When you transcribe the listing that follows, keep every line exact and skip any picture.

* [Collected material]:
☆ ☆ ☆ ☆

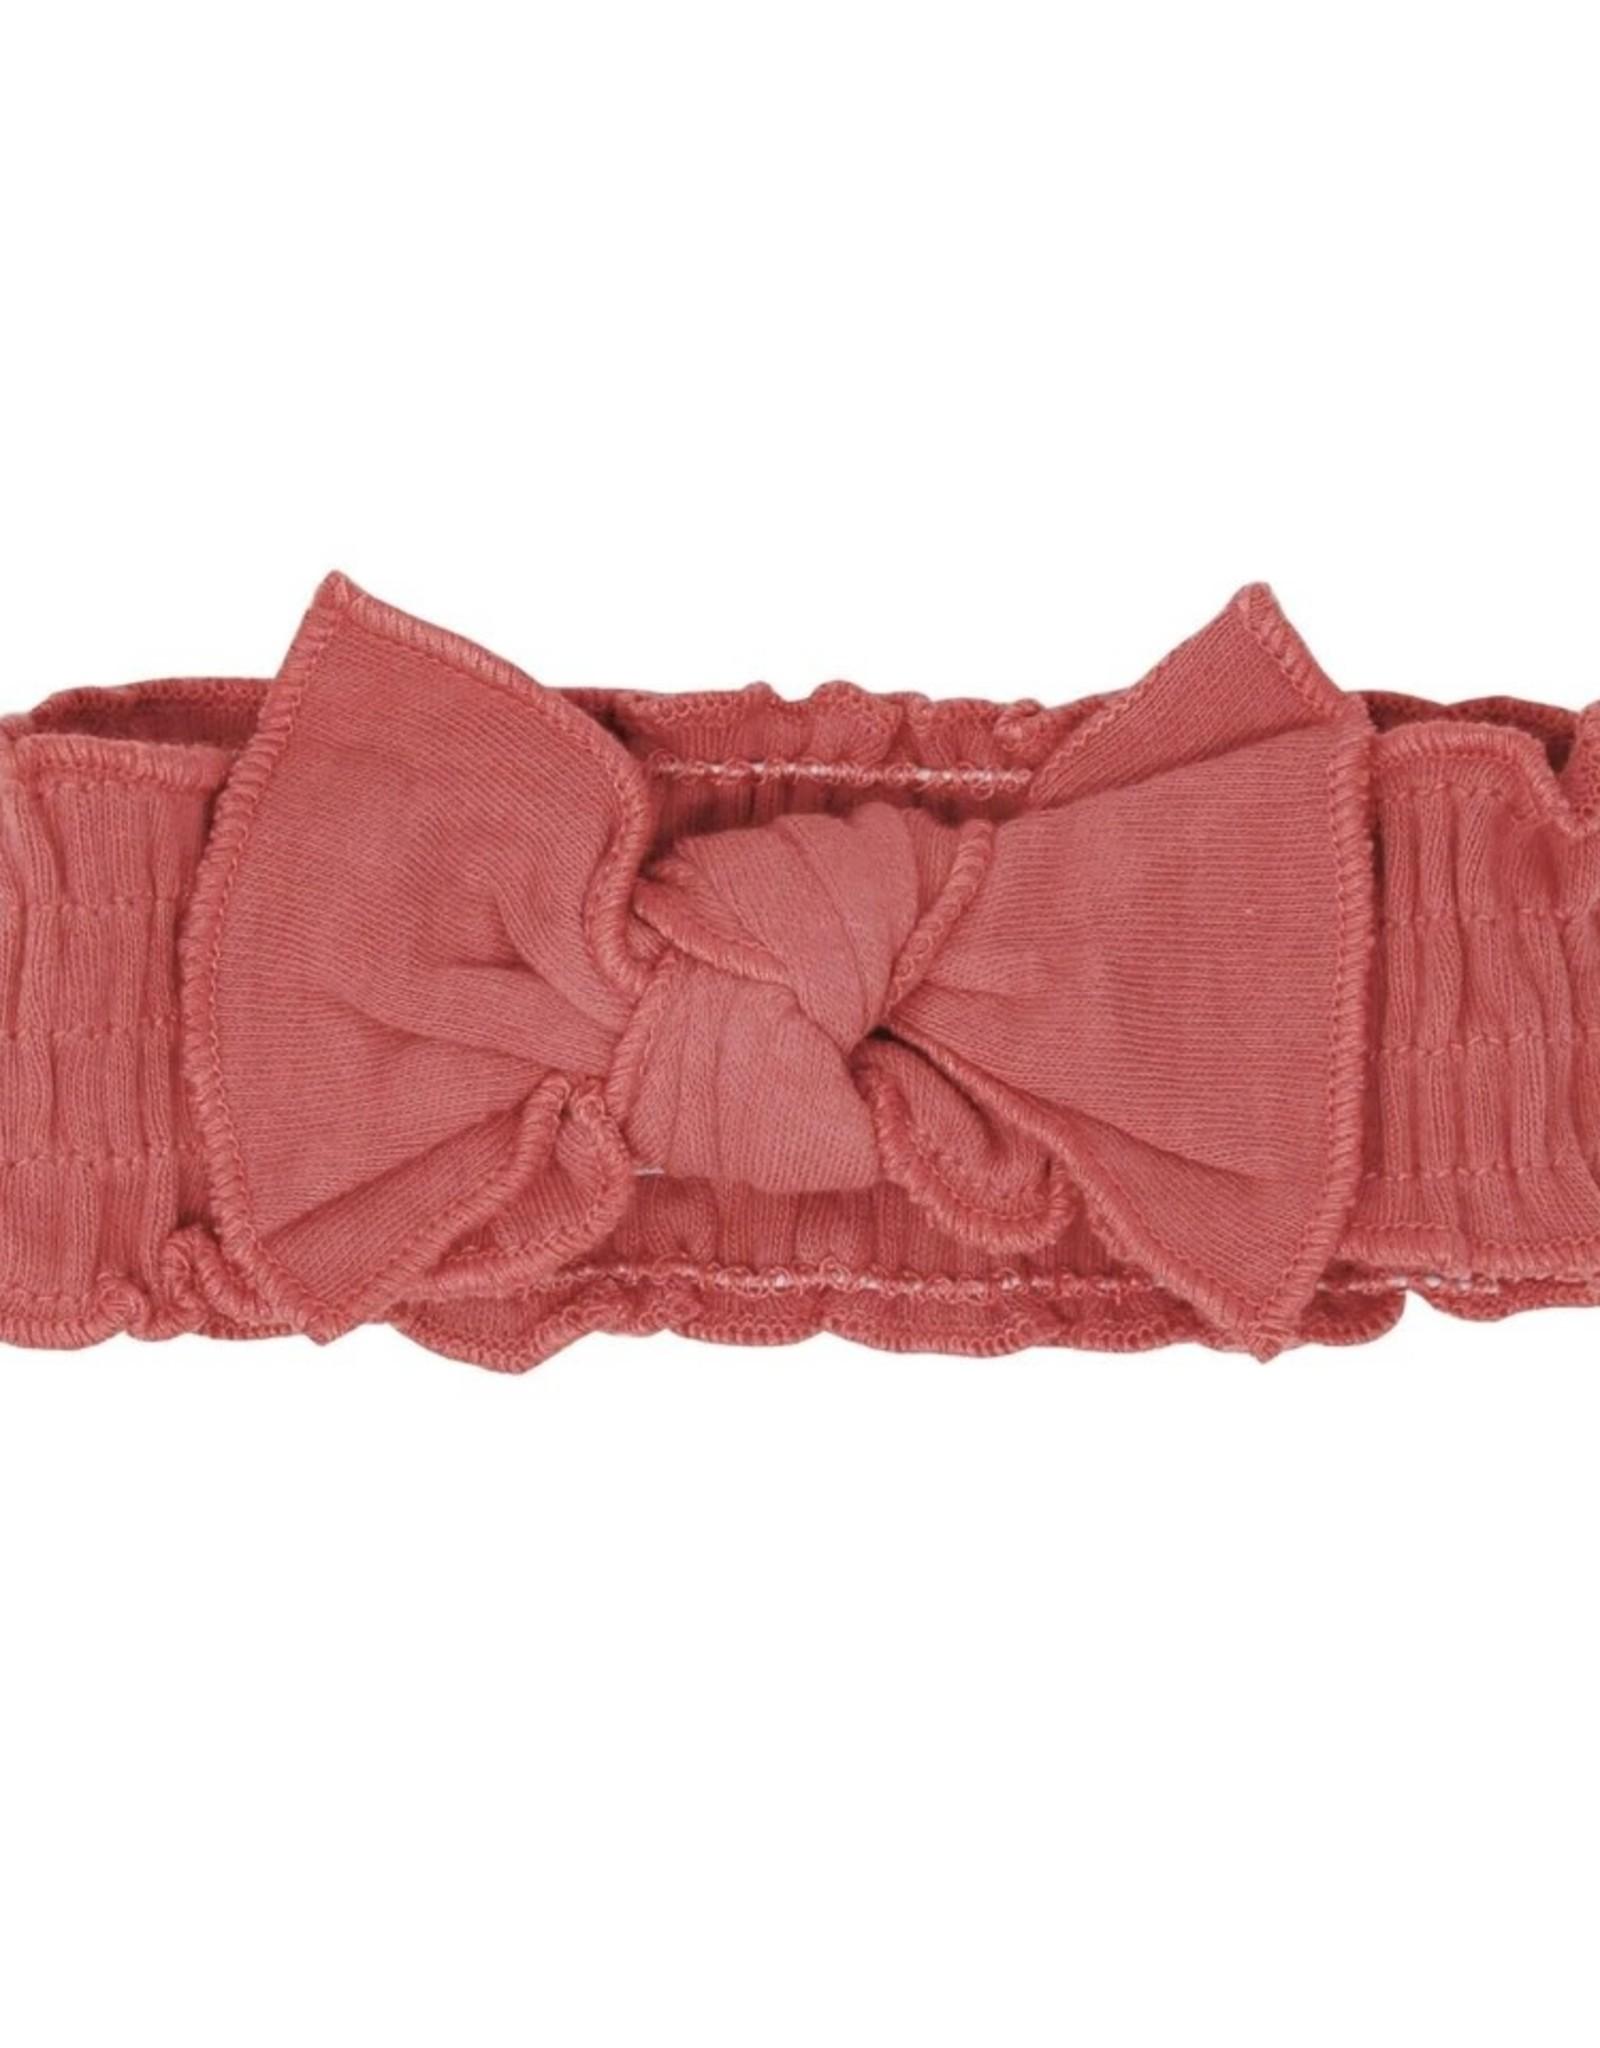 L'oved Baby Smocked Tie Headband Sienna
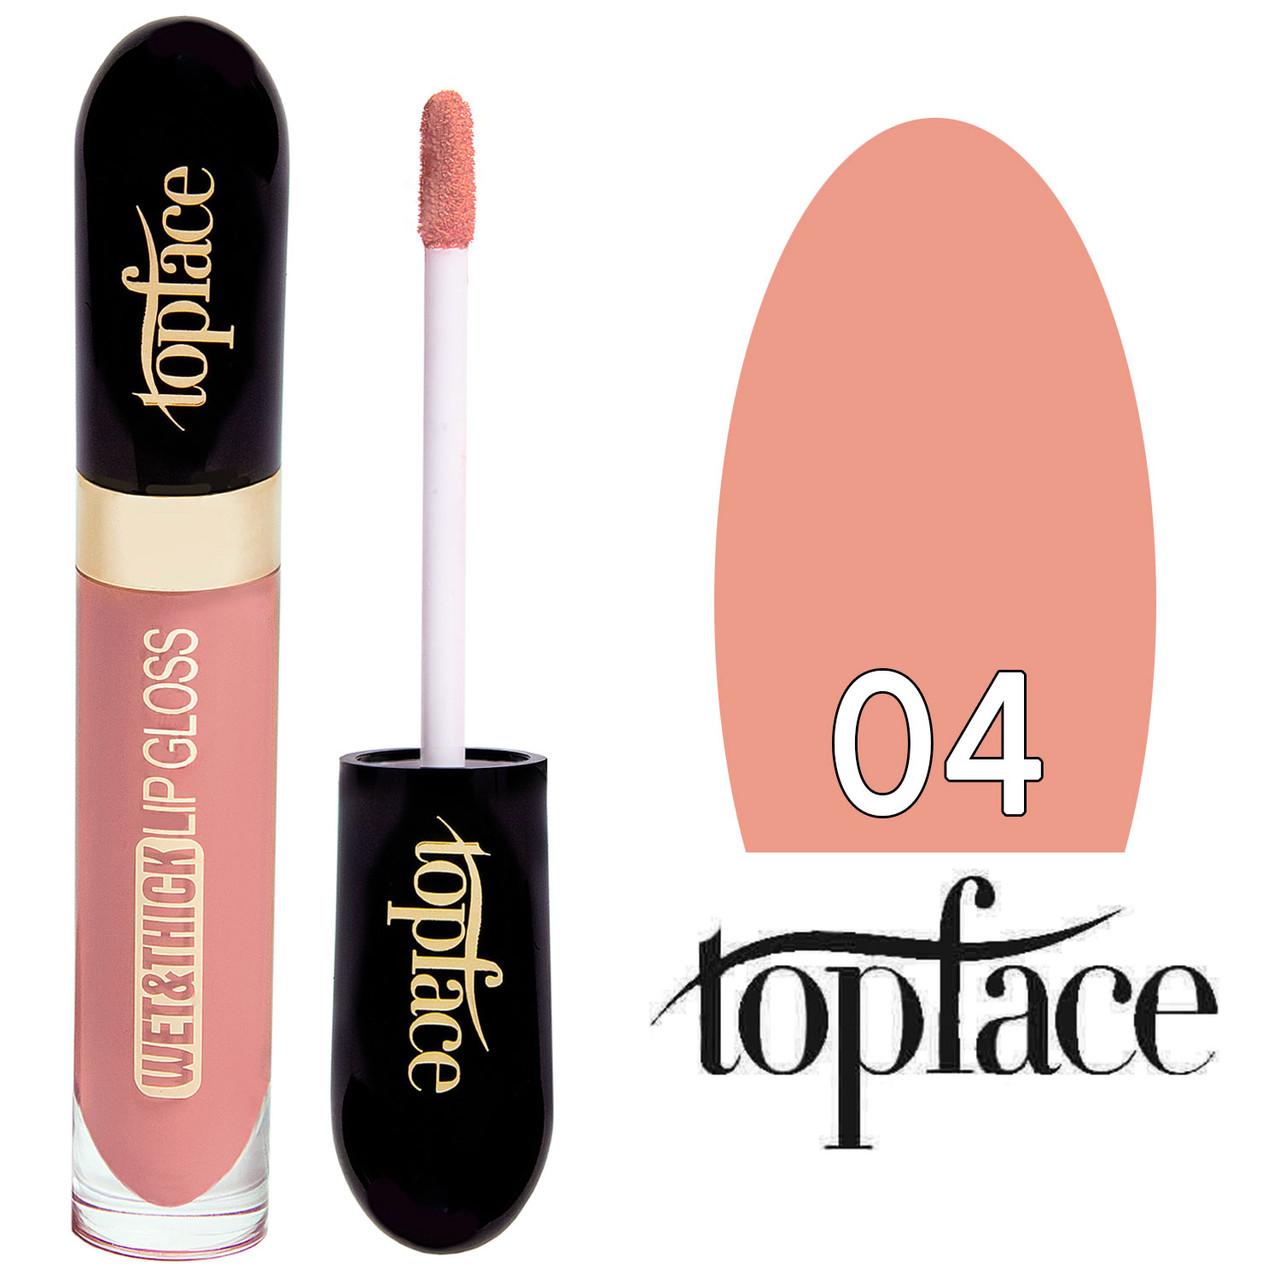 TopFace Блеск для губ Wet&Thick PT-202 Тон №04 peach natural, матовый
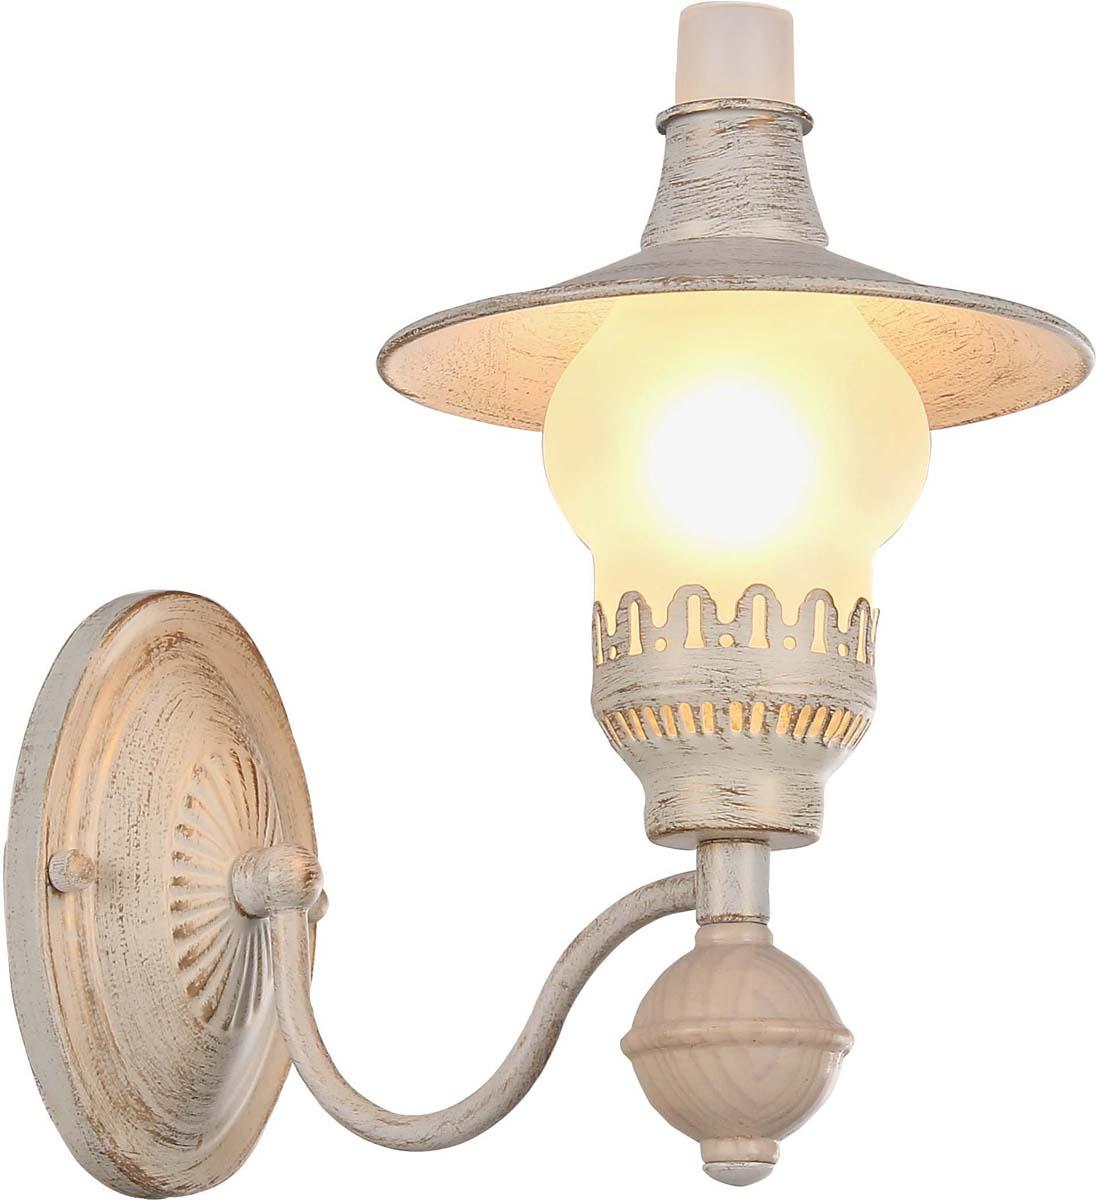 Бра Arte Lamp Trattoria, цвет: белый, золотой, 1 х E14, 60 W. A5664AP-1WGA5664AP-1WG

☆ ☆ ☆ ☆

* [Result of this exercise]:
 L'oved Baby Smocked Tie Headband Sienna
 TopFace Блеск для губ Wet&Thick PT-202 Тон №04 peach natural, матовый
 Бра Arte Lamp Trattoria, цвет: белый, золотой, 1 х E14, 60 W. A5664AP-1WGA5664AP-1WG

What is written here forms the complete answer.